A Staten Island sunflower stands 14 feet tall in the July sun. (Staten Island Advance/Pamela Silvestri)
STATEN ISLAND, N.Y. — In this sultry weather with sunflowers looking down from cloudless blue skies, I am reminded of beautiful summertimes growing up in Dongan Hills. And this week, while driving my boys to camp back and forth along Richmond Road, we passed by a little oasis I knew as a kid, the “The Reliable” deli.
Dongan Hills (Staten Island Advance/Pamela Silvestri)
Now at 1244 Richmond Road, one can find a classic deli inventory and sundries of a Big Apple, 24-hour bagel operation. Back in the ‘70s, an older couple ran this store, which had a respectable meat counter. Dongan Hills resident Charlie Greinsky tells me that the family owners then were the Piazzas. A butcher in the family made the store’s rather good sausage and carried chopped meat in a display case that ran along the back of the shop.

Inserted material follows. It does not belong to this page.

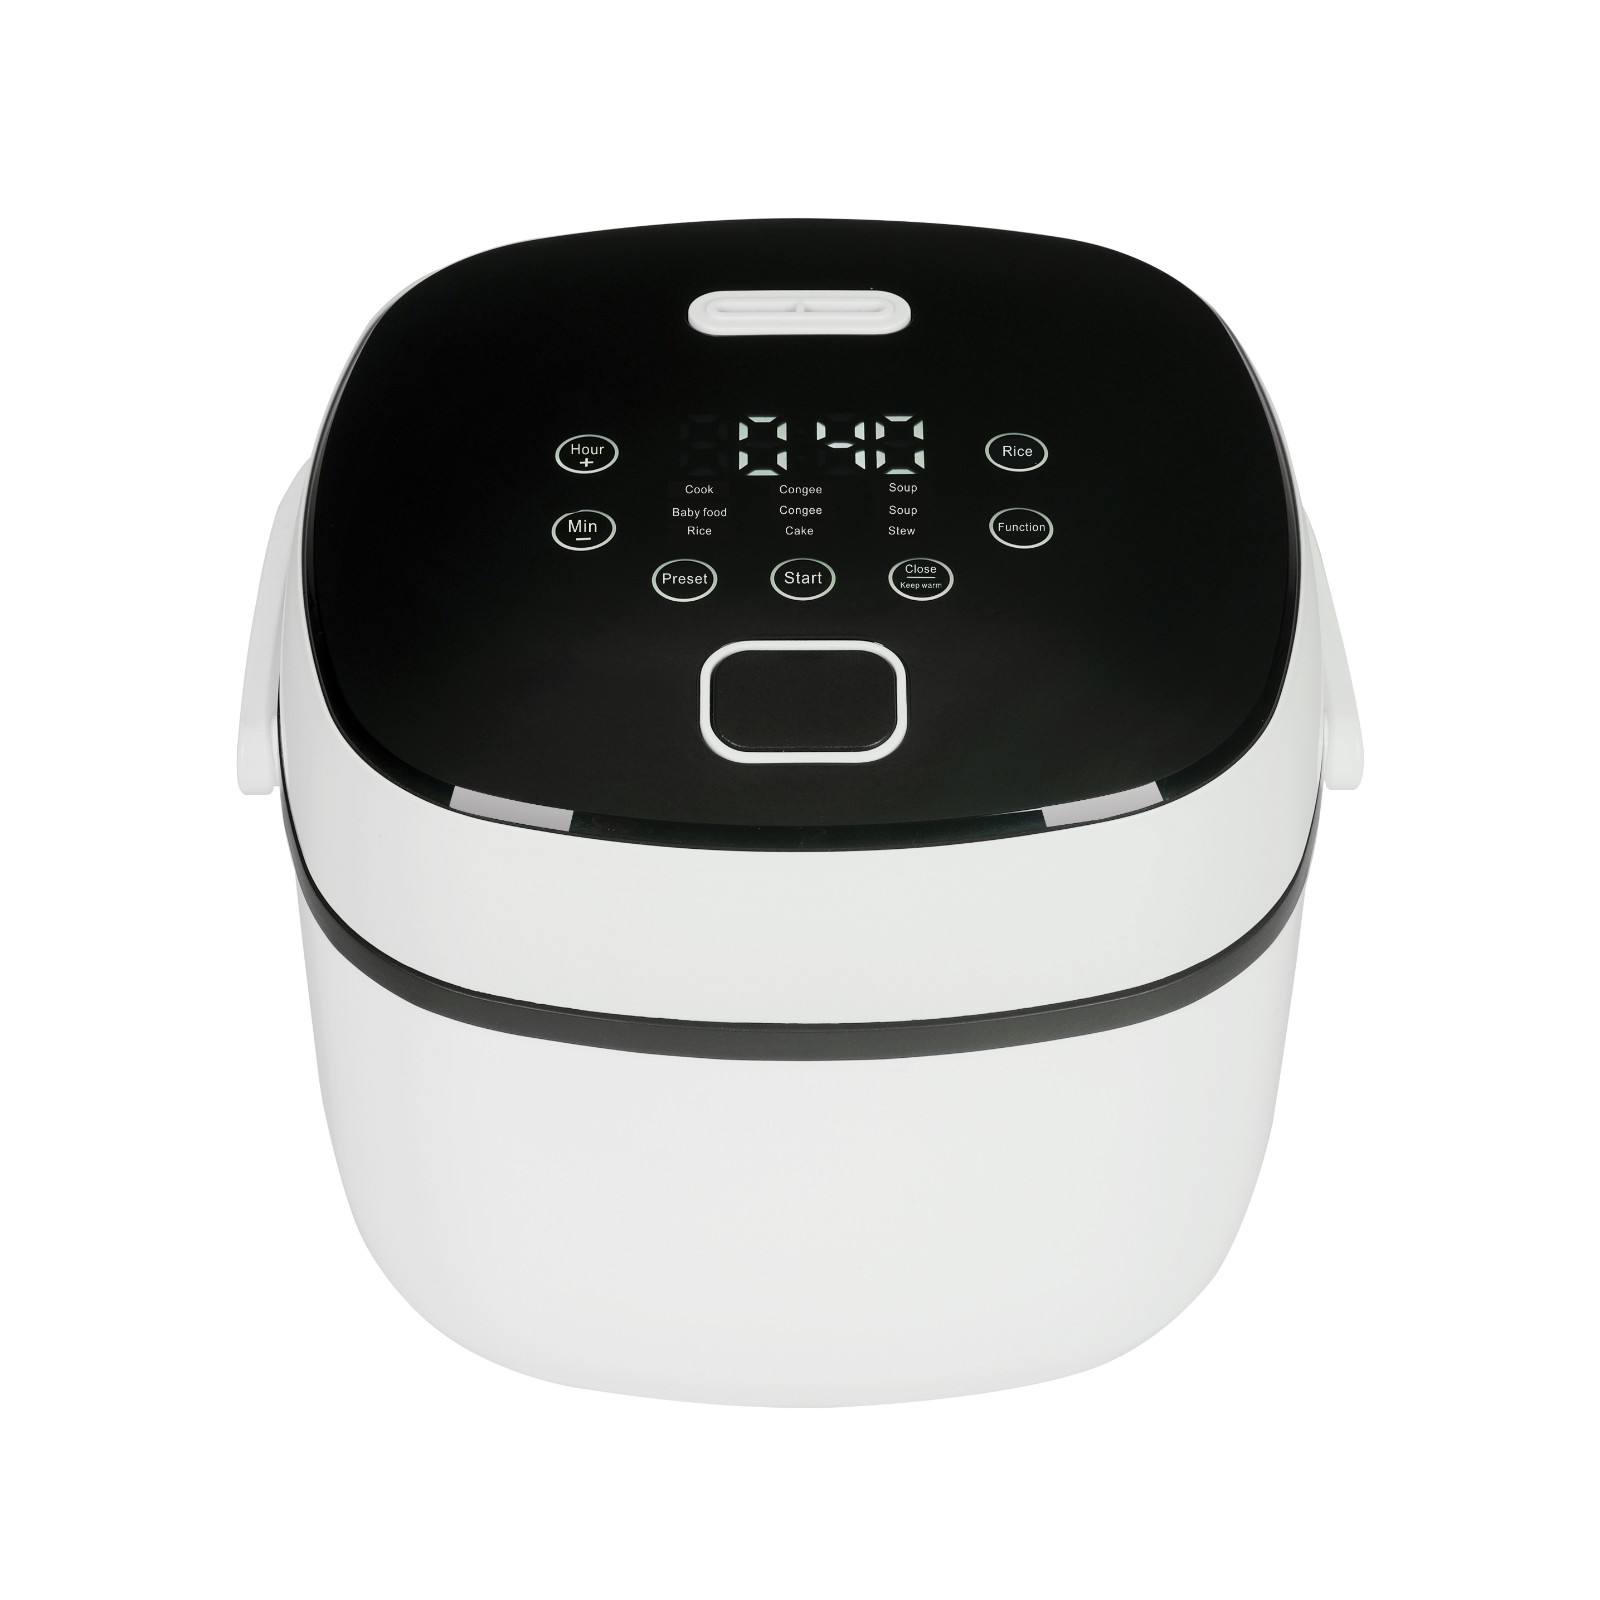 Touch control rice cooker

The only other place to buy meat, candy or something cool within walking distance, by the way, was Camelot Deli, now a convenience store by a relatively new Pastosa in Concord. Friends who grew up in the neighborhood recall Finast supermarket at the corner of Old Town Road and Hylan Boulevard, a location forever known to me as Save-On and home now to a rocking CVS.
But Reliable was just that on a hot summer’s day, a reliable stop for a preteen looking for something to eat and drink. That involved walking down Dutchess Avenue or Holly Street to Vista Avenue with my friend Carolanne to buy a Manhattan Special, purple Nehi or a frozen Snickers bar.

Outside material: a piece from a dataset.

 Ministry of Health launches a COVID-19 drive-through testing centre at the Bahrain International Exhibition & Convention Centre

Whatever time of the year, visits to Reliable, in retrospect, helped shape our palates. It was convenience, by our standards without a car, to chug along to immediate sustenance. Always an excellent baker, Carolanne could buy ingredients for stuff she wanted to whip up on a whim. It was here where we were introduced to Funyuns, a gateway food drug to more sinful packaged things like fried pork rinds and Slim Jims.

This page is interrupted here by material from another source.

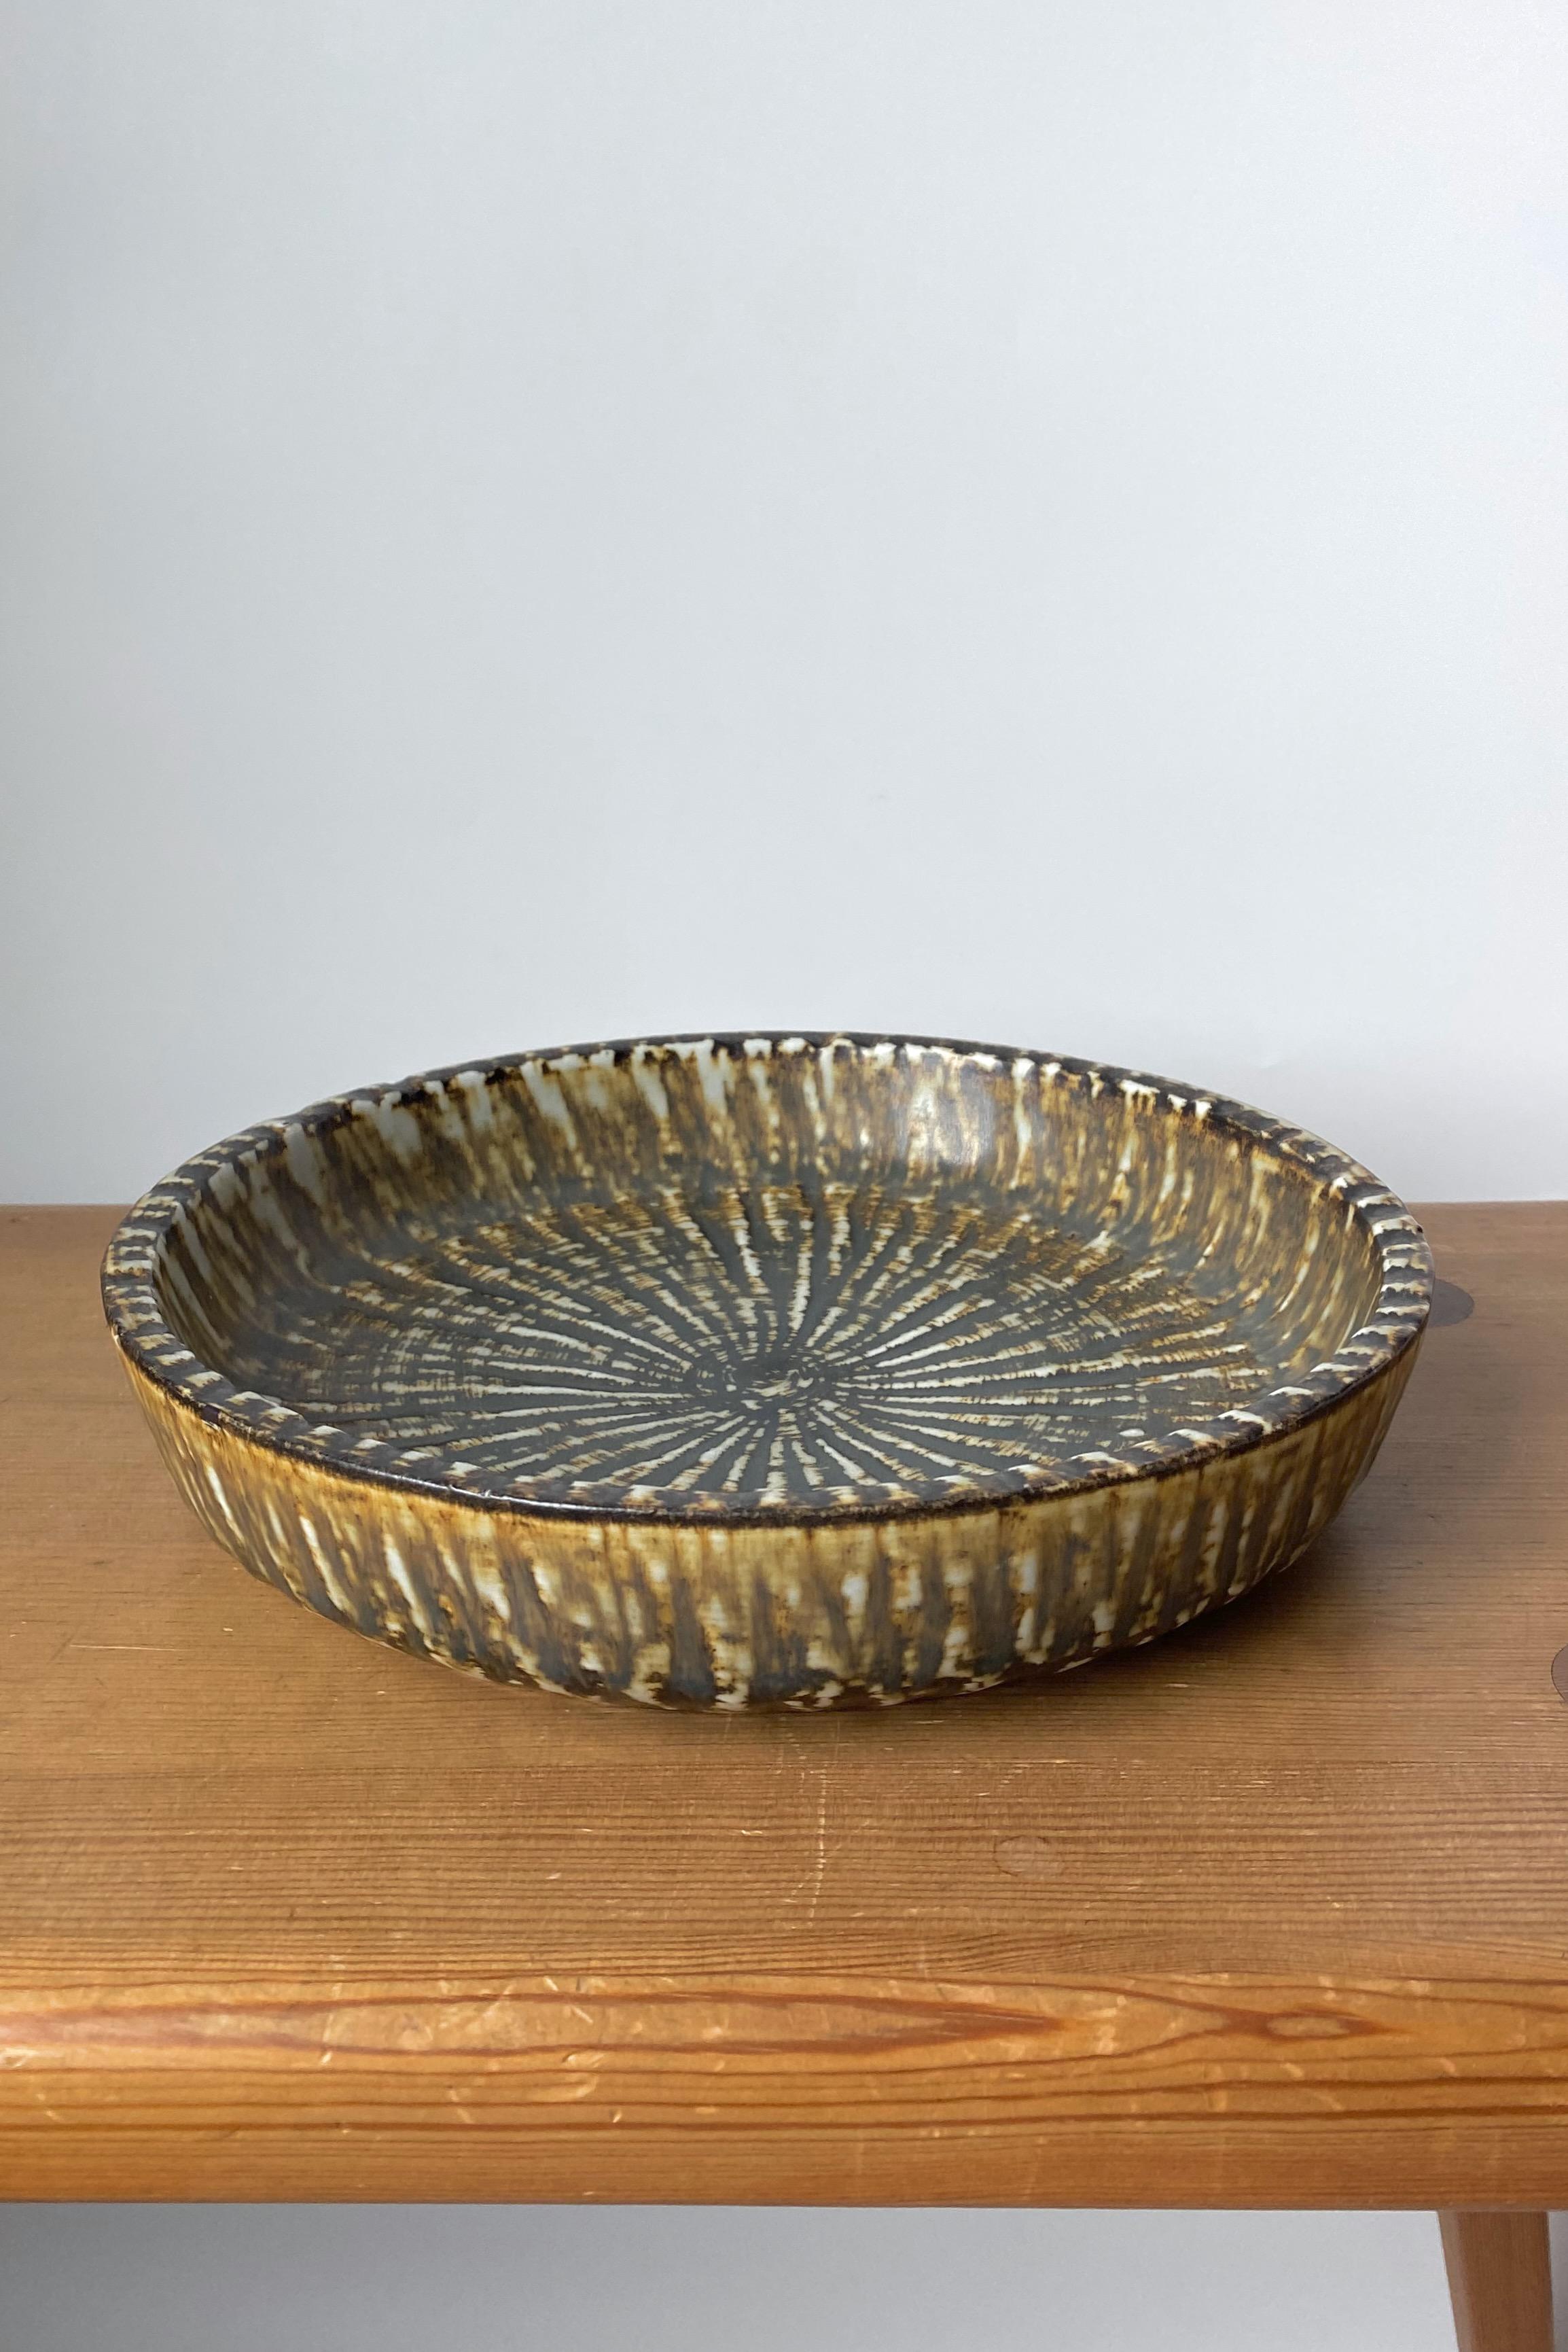 Large Ceramic bowl from the Robus collection by Gunnar Nylund for Rörstrand, Sweden. Decorative flame like design in brown, black and beige colors with designers signature underneath. In a very good vintage condition.

Country: Sweden

Maker:

On a more serious note, Greinsky reminds of a little history in the environs just past the old Reliable’s facade: it was the scene of a heart-wrenching tragedy. In the late ‘60s, New Dorp star football player Jimmy Gitto was killed in a car accident just outside the store shortly after graduation.
With that in mind, the heat indeed makes solid memories. I do believe time moves more slowly when you’re uncomfortable and those are moments that mold us. That said, the walk home from Reliable was uphill every step of the way, the sound of sycamore bark crunching underfoot and cicadas bleating in the trees. It’s a reliable memory that always serves me well.